Leaders Share Strategies at Governance Conference

Academics, politicians and analysts from places as near as the Legislative Assembly in San José and as far as DublinCityUniversity in Ireland met here last week to talk about ways to improve democracy, citizen participation and inclusion of minority groups at a conference hosted by the Arias Foundation for Peace and Human Progress last week.

The two-day symposium, entitled “Hacia el Buen Gobierno: tareas aún pendientes” (“Toward Good Governance: Tasks Yet to be Done”), featured speakers such as humanrights activist Martin Luther King III (see separate story) and Norma Quixtan, Guatemala’s Indigenous Women’s Ombudswoman and Peace Secretary.

“I’m very satisfied with the event because we achieved the main objective: producing a real exchange by academics, representatives of non-governmental organizations (NGOs), politicians and government officials, to exchange the results of their studies and share opinions,” Arias Foundation Director Luis Alberto Cordero told The Tico Times in an e-mail this week from Bolivia. He added that as a result of the event, the Inter-American Development Bank, which presented its profiles of governability in Guatemala and El Salvador during the conference, has agreed to work with the foundation to complete similar profiles of Costa Rica and Nicaragua in 2007.

The event also included the official presentation of the Dr.

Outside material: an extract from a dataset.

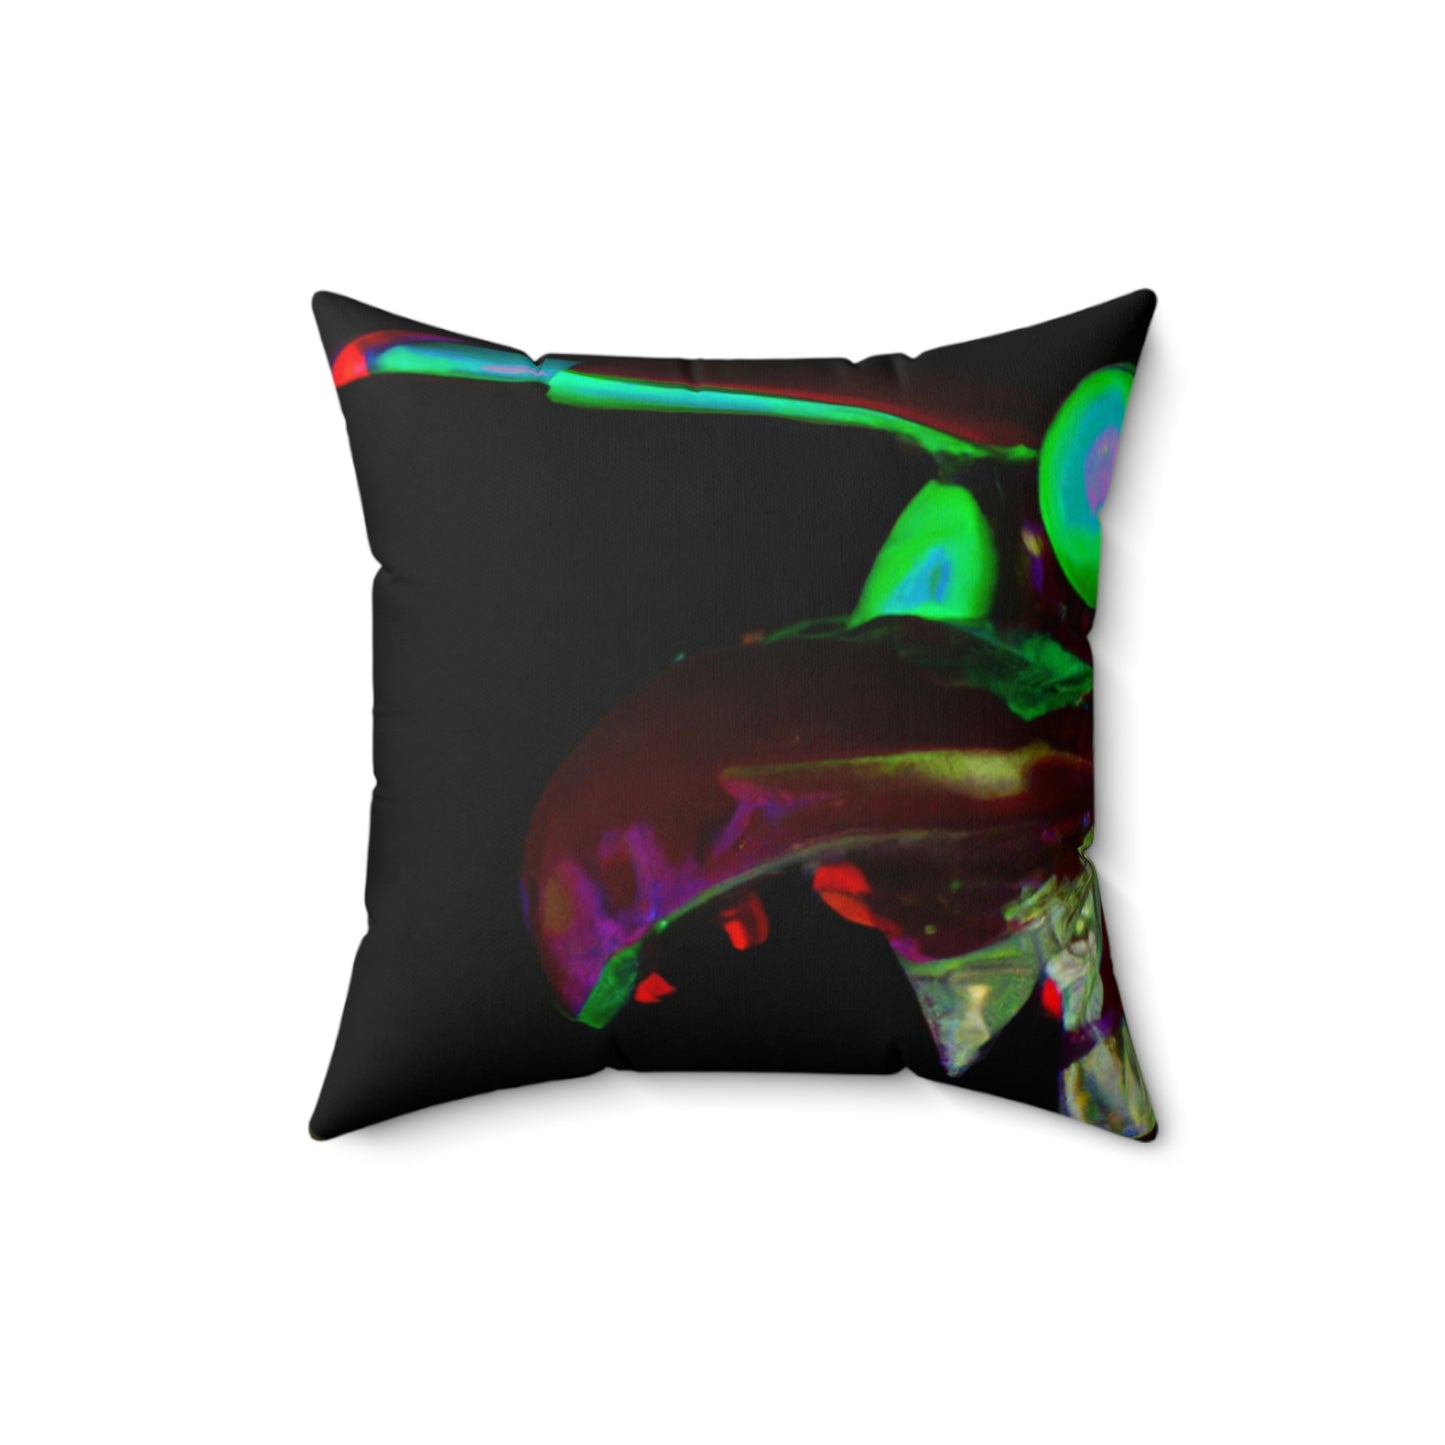 "Carnivale of the Damned" - The Alien Square Pillow

Oscar Arias Sánchez Institute for Social Science Studies, a new and permanent program of the foundation, Cordero said. The institute will promote training and studies in the social sciences.

Costa Rican legislator Fernando Sánchez, during his presentation, called for Latin American countries to move from “minimalist democracy” – in which fledgling democracies form, then cling to, the basic institutions of their new form of government – toward “maximized democracy,” with broad-based citizen participation. In many Latin American nations, support for democracy wavers depending on the performance of the leaders in office at that moment, Sánchez said.

According to Quixtan, the Guatemalan Peace Secretary, part of this process requires educating citizens about their right to participate, something Guatemala, left “without intellectuals, without leaders” by its lengthy civil war, is still struggling to do. Still, recent improvements have been “points of departure after such a long night,” she said.

Carla Morales, the foundation’s Technical Director, spoke about the role of women in the region’s democracies. Costa Rica, Panama and Honduras are the three countries in Central America that have set quotas for the participation of women on party tickets – 40% in Costa Rica, and 30% in Panama and Honduras. Studies show these measures are effective, with Costa Rica and Honduras leading the way in terms of the number of women in the national legislature (38.6% and 24.2%, respectively, with Panama fourth behind Nicaragua).

Training for women to help them break into this male-dominated field is crucial, Morales said.

The Development Bank, the nonprofit Carolina Foundation, which promotes cooperation between Spain and Latin America, and the European-Latin American Governability Network also sponsored the conference. Participants met at the Hotel Ramada Plaza Herradura, west of San José.